This piece was co-authored by Carrie Miller and fellow Punch contributor Catharine Lumby.
If only Australians could bring the same level of focus and nuance to debates about art that we bring to debates about what the ref did in last weekend’s match.

Not that art trumps sport. They both matter. It’s just that – if you happen to know anything about the history of art – it’s really boring to hear the same debate repeated endlessly in the media. It’s a lot like watching Barry Hall punch the same guy in the head again and again. Quite rightly, fans want to see him punch different people in the head to keep things interesting.
The recent debate about Sam Leach’s Wynne prize-winning landscape- which involves a landscape that quotes from another landscape- is a great example of this banal and reductive debate.
Anyone who was around in 1973 will remember the furore when Gough Whitlam – that socialist bohemian subversive - authorised the federal government’s purchase of a now priceless artwork – Jackson Pollock’s Blue Poles. There was widespread outrage that so much public money had been spent on something that looked like it had been painted by ’barefoot drunks’.
The same opposition between art history conservatives and contemporary art progressives lives on today and is a furphy. And herein lies the real issue at the heart of the Wynne Prize beat-up. What makes Sam Leach’s work so interesting is precisely that it complicates this banal dichotomy by managing to combine contemporary ideas with an almost obsessive reverence for traditional technique.
Even his current critics haven’t denied his technical virtuosity – not something most of us associate with contemporary art these days. He draws on very established art historical traditions. In fact, his work sits in a long tradition of Australian landscape painting that is inextricably wedded to earlier European tradition.
Eugene von Guerard, one of the foremost Australian landscape painters in the 19th century, drew heavily on landscapes painted by artists who went before him. He drew, often in great detail, on the European conventions of landscape painting which required careful attention to where one placed trees, spectators and vistas and palette.
You only need to glimpse a von Guerard to realise that Leach’s picture does not breach the rules for the Wynne which state that the award is for “the best landscape painting of Australian scenery in oils or watercolours”.

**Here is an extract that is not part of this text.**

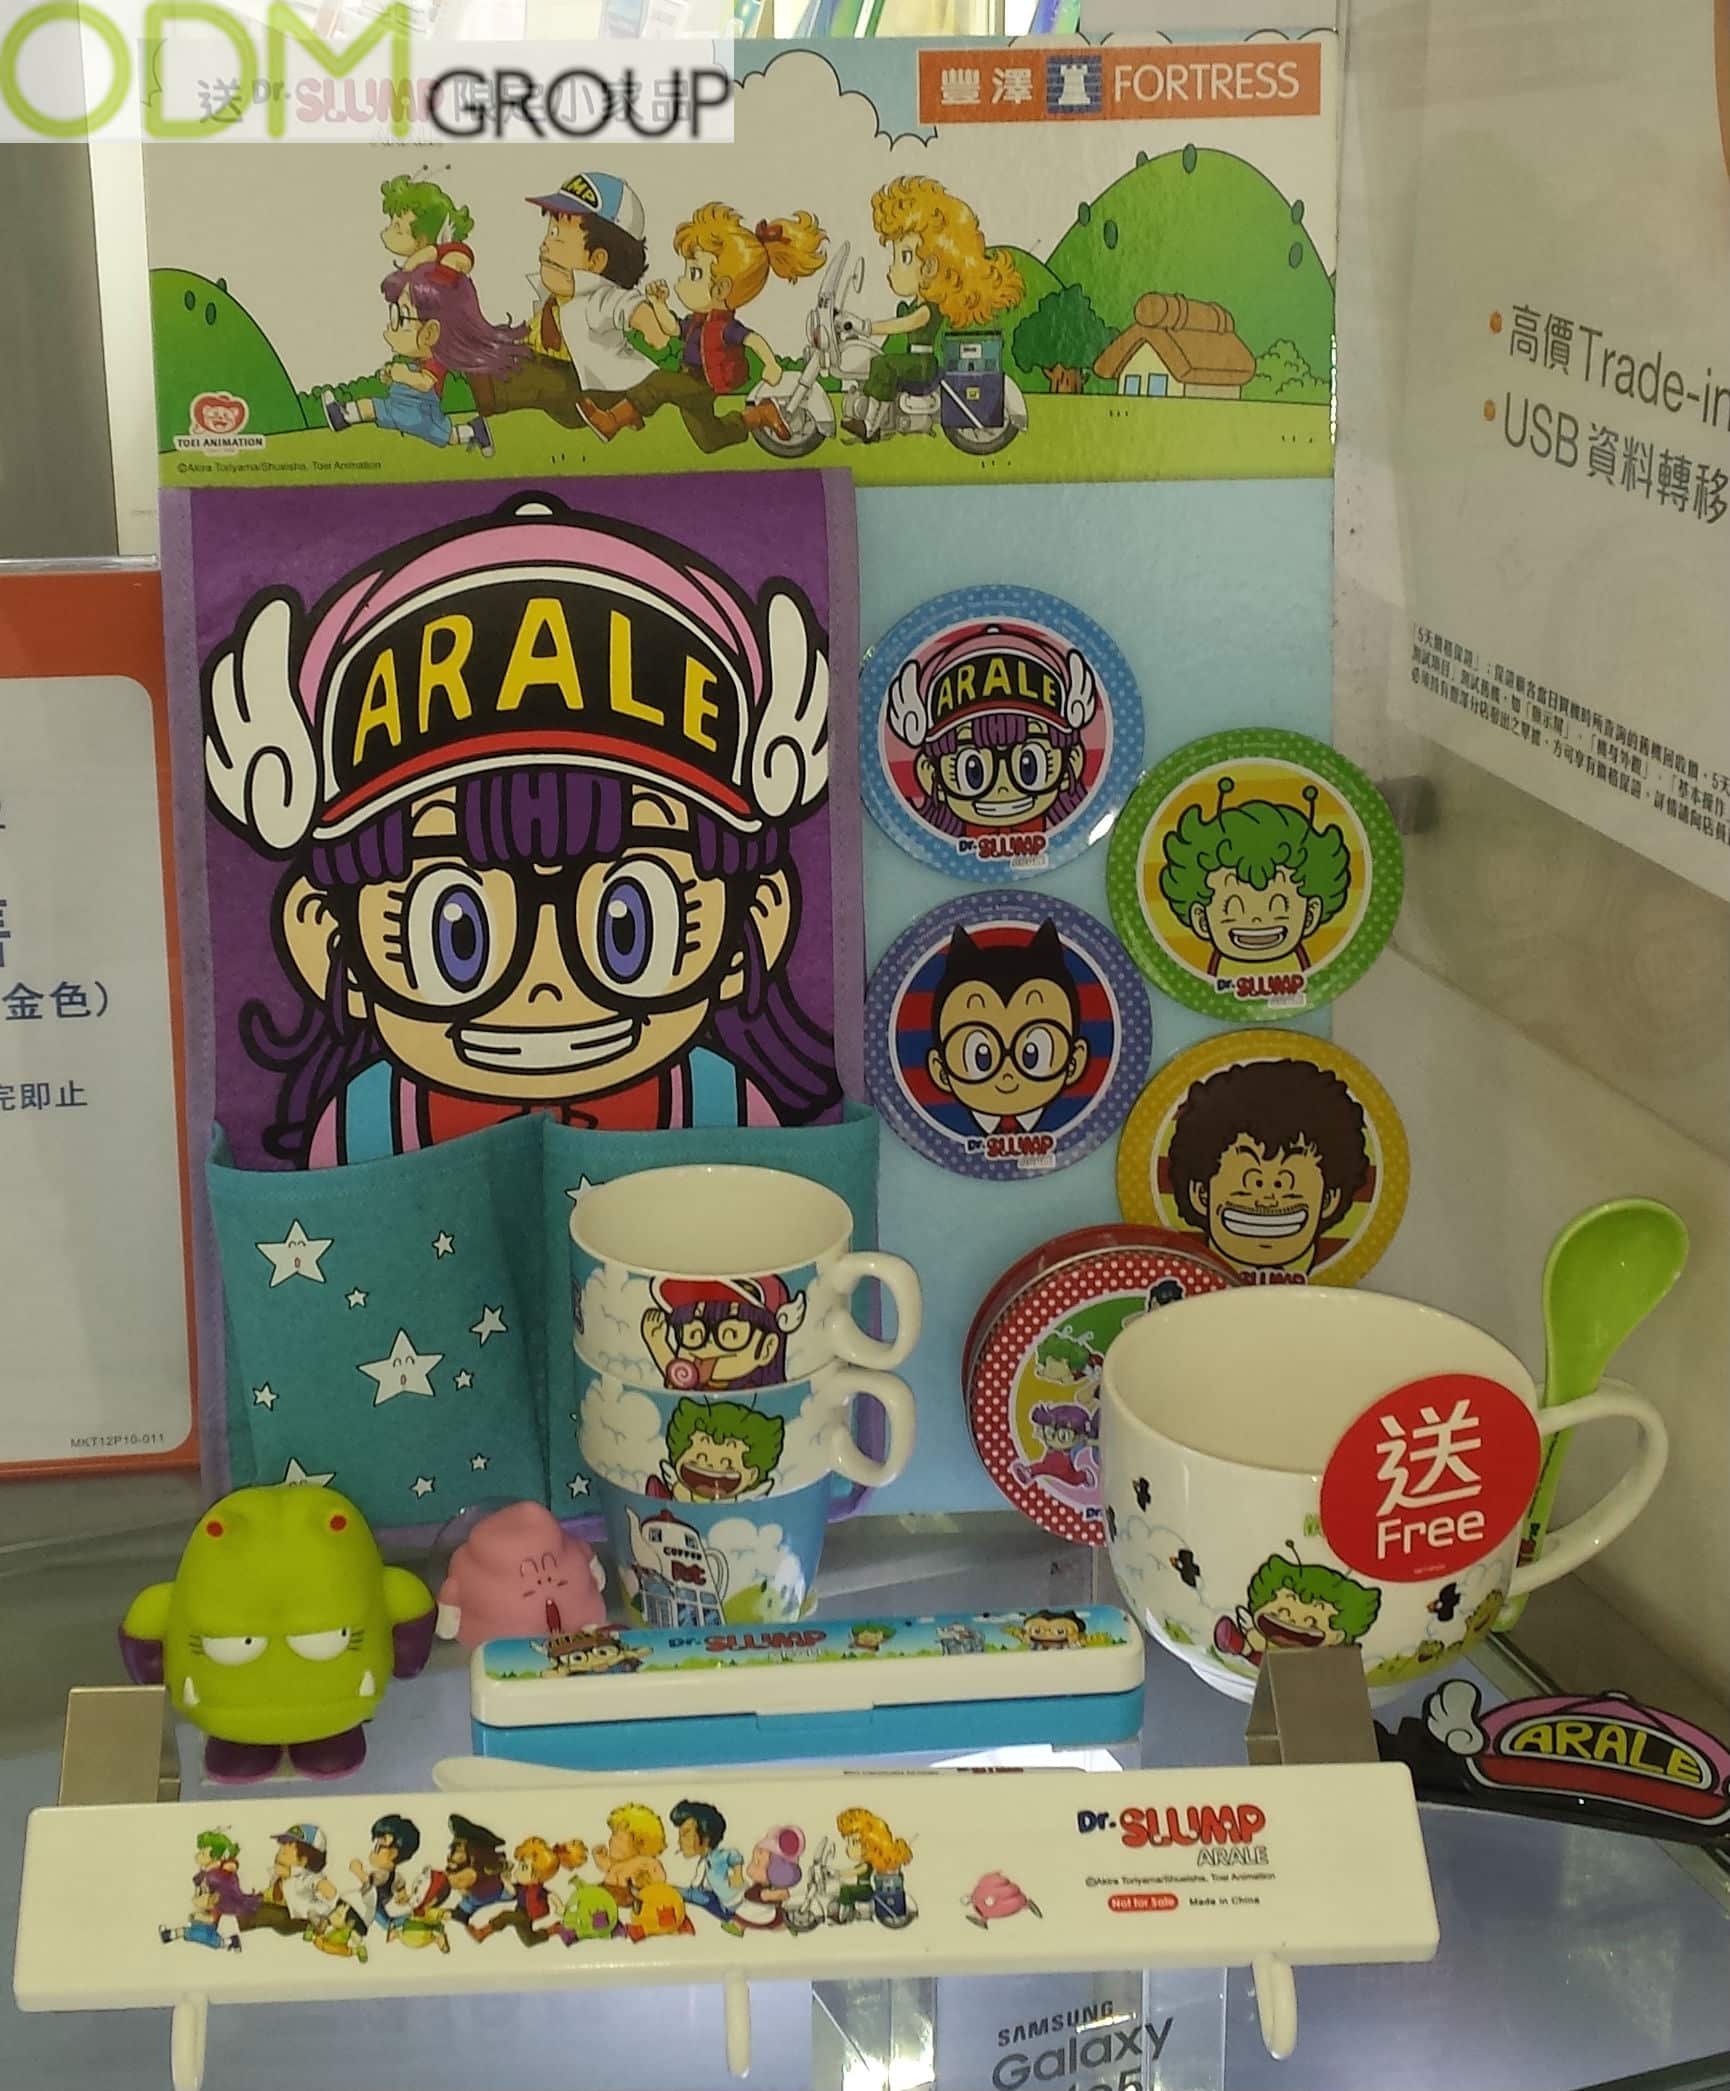 promotional mugs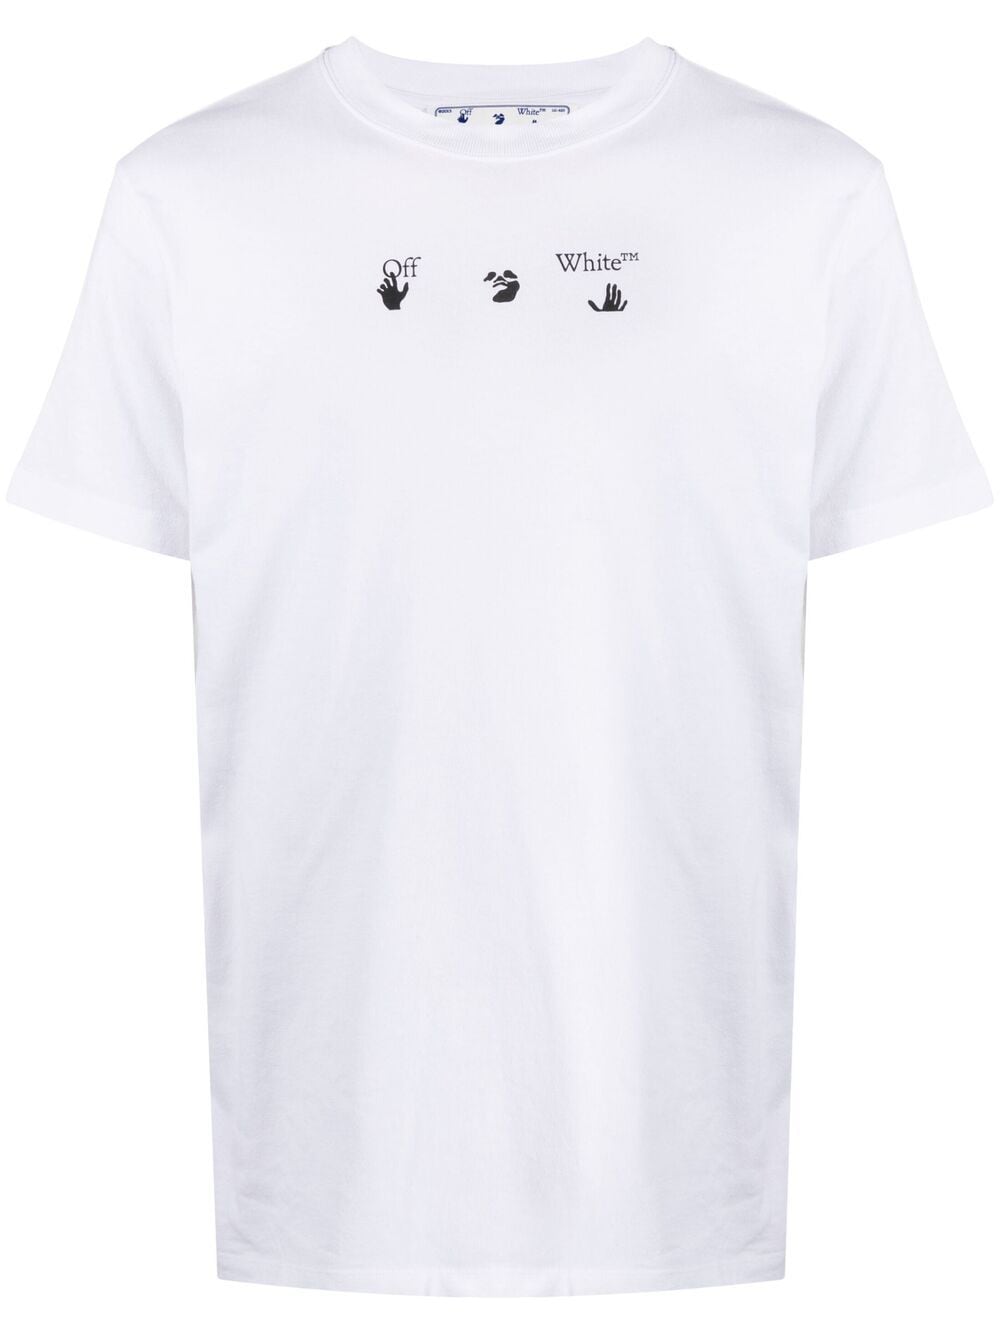 OFF-WHITE Marker Arrow T-shirt White/Multicolor

Just as Indigenous artists have depicted our landscape in terms of their own, unique relationship to it, the early colonial painters of our landscape rendered it through the eyes of European experiences and aesthetic interests. The history of art is a history of repeating – and occasionally breaking – with ways of portraying and seeing things.
The notion that there is one original way of portraying “Australian scenery” is misguided. Leach has created an imaginary Australian landscape – it says so in the title of his work – Proposal for landscaped cosmos. He intentionally quoted from another work to make exactly this point.
It’s heartening to see that many of the commentators that have come out against Leach over the past couple of days have moved away from the argument that his work constitutes “plagiarism” – a completely incoherent concept when applied to art. But it’s even more gratifying that these commentators have proven just how successful Leach’s work is in achieving one of its main aims: to encourage people to reflect on what it means to look at or depict a landscape.
In the end, the only controversial thing about Leach’s win is that yet again the AGNSW trustees have chosen a work that is deeply bound to art historical tradition.